Achiras or bizcochos de achira are traditional Colombian biscuits. They are made from achira flour (native to the region) instead of wheat flour. Widely recognized in Huila as the achiras del Huila or bizcochos de achira, they provide minerals such as calcium, iron, phosphorus, sodium and high protein content and are gluten-free. Its shape is elongated and cylindrical with a golden yellow colour, typical of good cooking. It melts slightly in your mouth with a crispy, soft and gritty texture, with a taste of milk.The achira is also known as saga or chisgua in Colombia. They are consumed as food by the Chibchas in Colombia, but it is thought that their use has extended throughout the Andes due to commercial exchanges with other indigenous communities.

Preparation 
Huila is the biggest producer of achira flour cake in the world. Achira biscuits are still prepared to a traditional recipe and cooked in clay ovens.
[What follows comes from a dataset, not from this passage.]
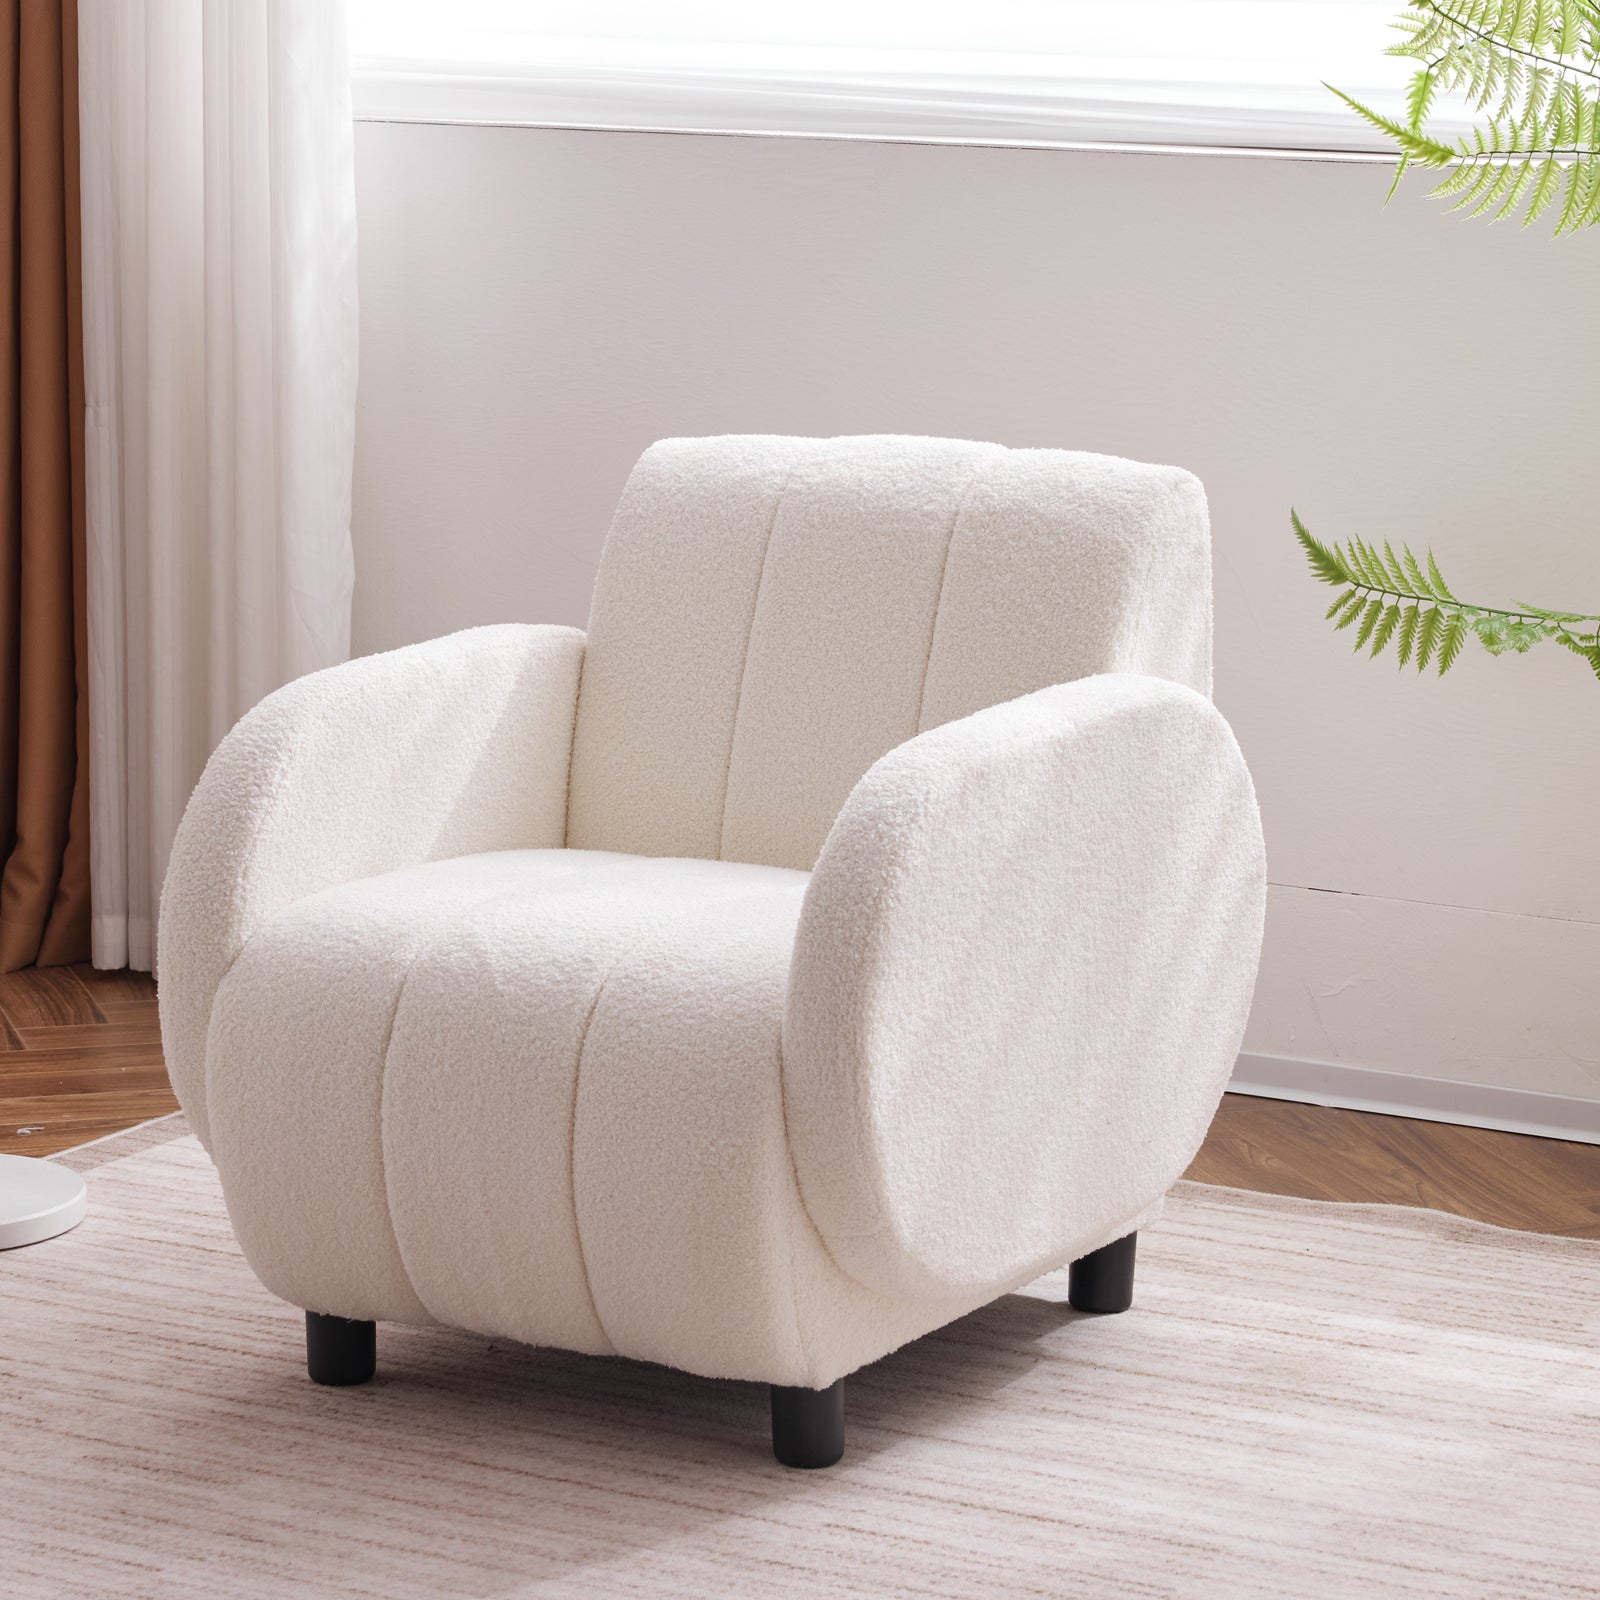 Bellemave Modern Fabric Upholstered Armchair with Upholstered Reading Chair

Achira flour, the main ingredient, is subtracted from the achira plant, whose origin is South American and has been used by the Chibchas for their food.

Ingredients 

 1 pound of achira flour
 2 egg yolks
 1 pound butter, melted
 2 pounds of fresh curd

Preparation 

 Mix the achira flour with the well-ground cheese, regular sugar and salt.
 Form a crown and add the margarine, eggs, part of the milk and colour.
 Begin to soak until you get a smooth paste. Blend well and let it rest a little.
 Form bars of the desired thickness and cut the unit, the biscuits are made about five cm long and one and a half cm wide working with your hands.
 Place it on a greased tray in the oven preheated to 400 ° for 10 minutes.

Characteristics and qualities 

 External appearance: Oval shape, with variable dimensions, between 3 and 8 centimetres long and a diameter between 1 and 2 centimetres.
 Surface: Sandy.
 Colour: Golden yellow, without artificial colouring.
 Aroma: With a mild dairy aroma
 Texture: Crunchy (light toasted), gritty and melts gently on the palate.
 Weight: It ranges between 2.6 a. 8 grams according to the portion of dough put on the tray
 Internal appearance: Sandy compact, if possible without voids between its walls.

Reputation 
The achira biscuit is a fundamental part of the region's traditional culture, and due to its great recognition as a typical product of the department of Huila and its high local consumption, it has managed to diversify nationally and internationally.

Press articles highlight the presence of the achira biscuit in the national and international market. For example, the article "The Achira Biscuit opens export markets" mentions that one of the delicacies of the gastronomic department of Huila, the traditional achira biscuit, began to open markets in the United States and Spain and recently was second in a large project in Japan. The article highlights that the traditional achira biscuit is made by hand and that last year it managed to sell 114 thousand dollars abroad."